???difficult child's Aware They Have BiPolar???????

Discussion in 'Parent Emeritus' started by mom_to_3, May 27, 2008.

  1. mom_to_3

    mom_to_3 Active Member

    Just curious............ Do your "adult" or should I say "of age" difficult child's believe they have bipolar, if they have been diagnosis'd with it?

    My difficult child was diagnosed several years ago and medicated for it. When she was 16 or so, she decided not to take her medications. Life has not been good for her. She doesn't believe she has bipolar. She HATES me for taking her to a psychiatrist and for insisting she take her medications. I really wasn't aware of her anger, for that anyway. But, she did just let me know.

    Last week, at a CPS meeting, I made a suggestion to the caseworker to get an EEG for my grandson, because my difficult child showed abnormal brain "spikes" when she had one years ago. Interestingly enough, her bio mother had a benign brain growth that caused seizure activity in the same area of the brain, and that was surgically removed. I haven't even told them of my difficult child's bipolar diagnosis yet.

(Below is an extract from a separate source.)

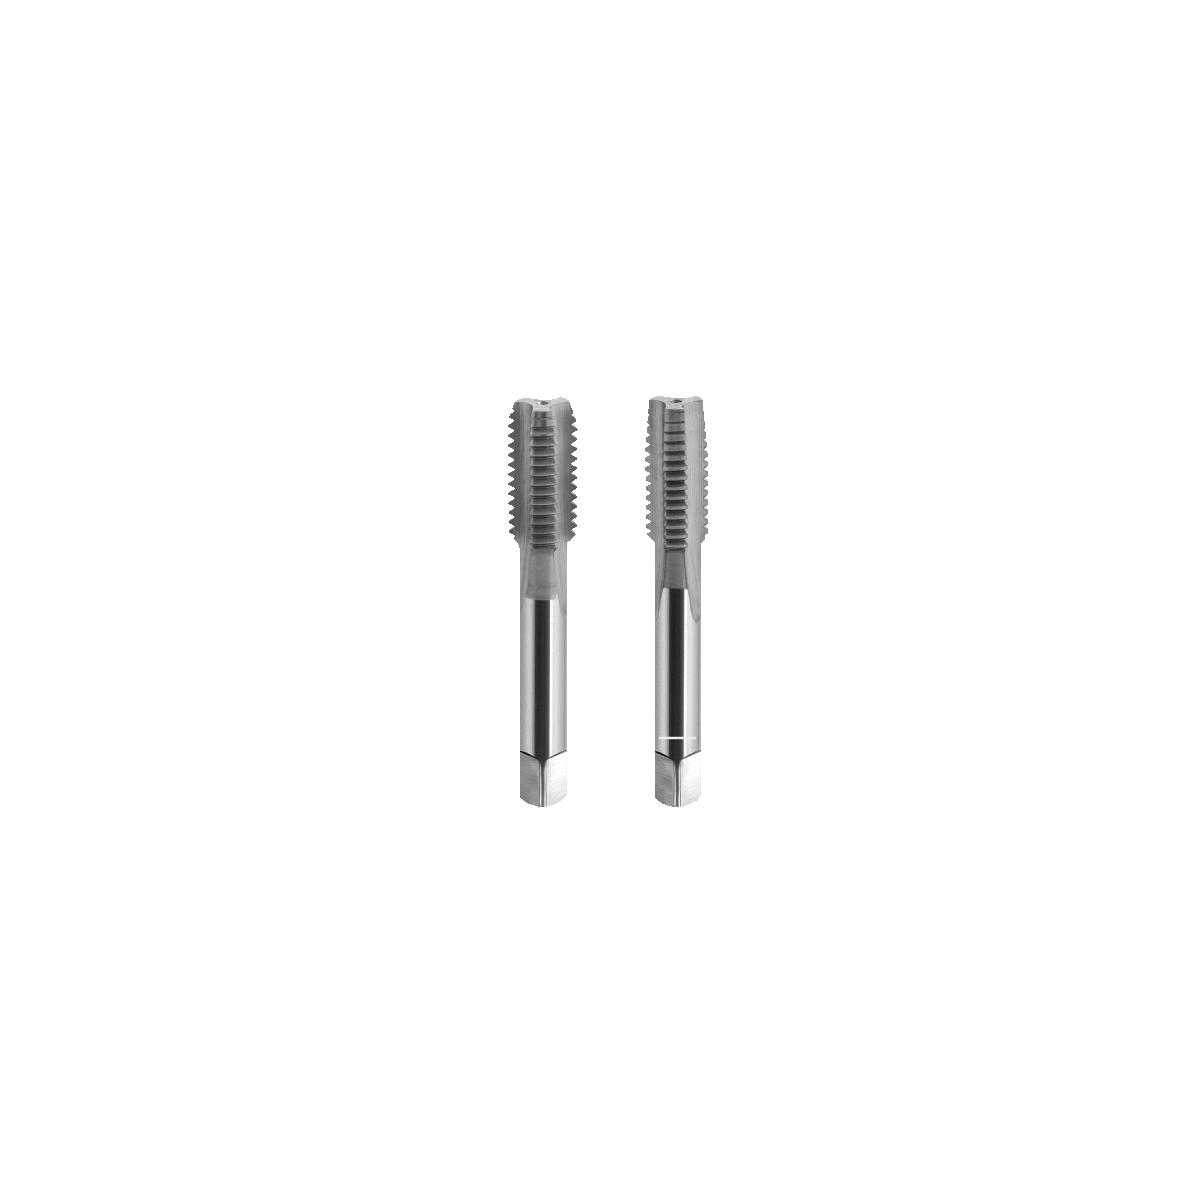 Gwintowniki M24 x 1.0 mm ISO-529/2 HSS - FANAR Gwintowniki M24 x 1.0 mm ISO-529/2 HSS - FANAR
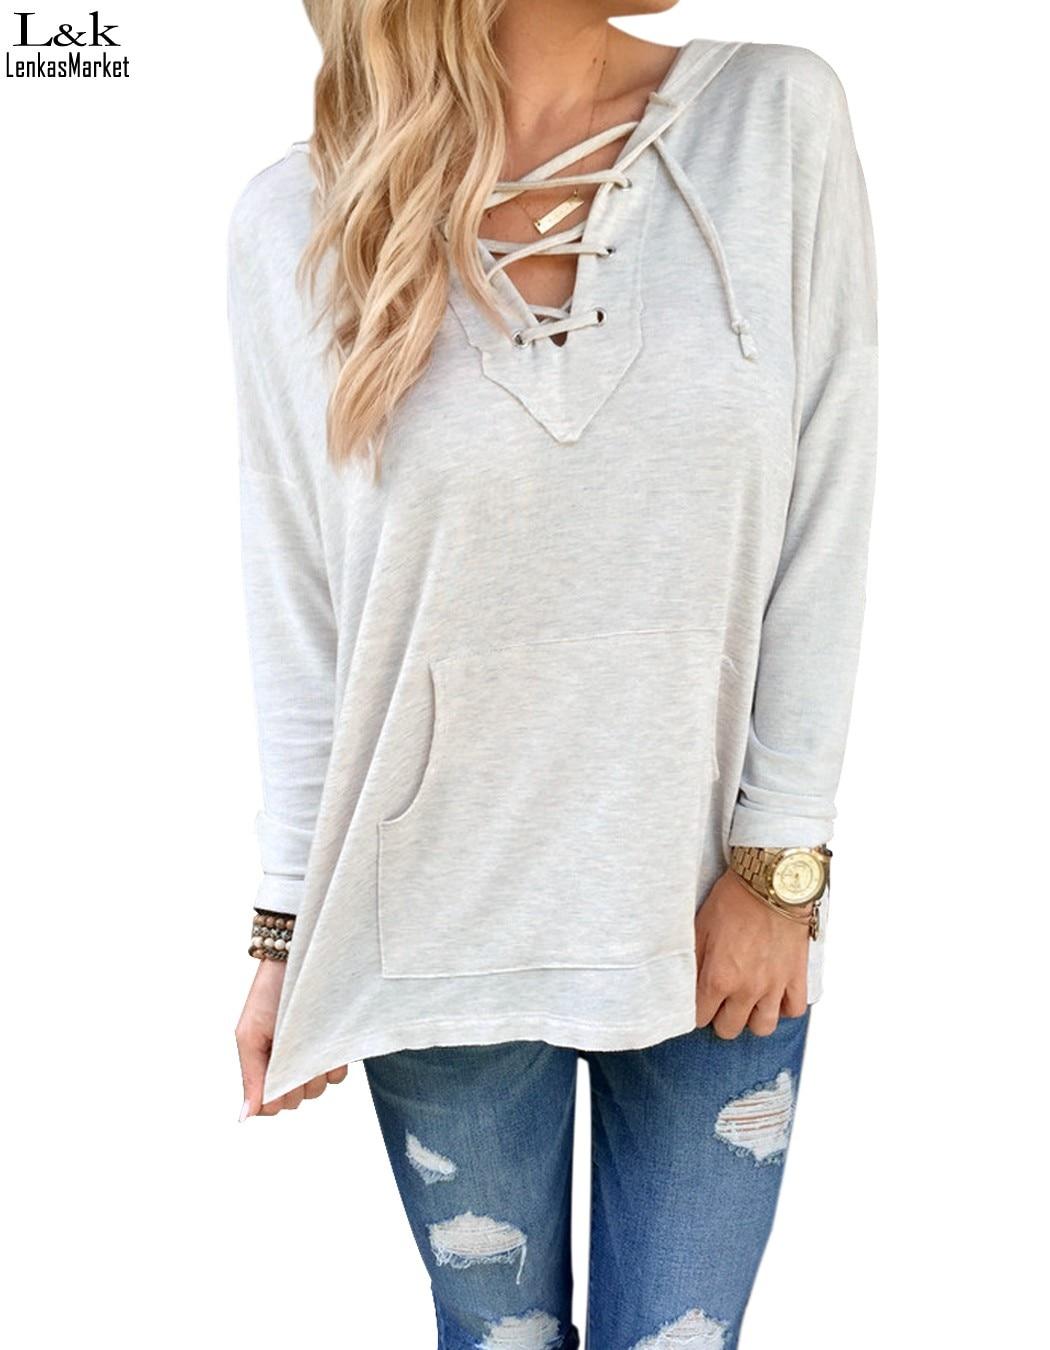 Women'S White Hoodie Sweatshirt - Hardon Clothes

    My difficult child looked at me and with all the contempt a person could muster, and said "Oh no you don't, MOTHER!" I was pretty shocked to say the least. I asked "What are you talking about?" and she replied "All the pills and psycho-analyzing.... you're not doing that to my son too!" I just had to ignore her. She is still extremely angry with me. I guess sharing "my truths" with her has evoked a new level of anger in her towards me.

    A year or so ago, we talked about her being bipolar. I have always encouraged her to get therapy and to get back on medications. My difficult child does not believe she has bipolar, refuses to be evaluated and of course would not take medications either. My difficult child does believe she has borderline personality disorder and I tend to agree. When she was 17 or so and out of our care, that label was also attributed to her, along with adhd, bipolar and histrionic personality disorder and a couple more I think.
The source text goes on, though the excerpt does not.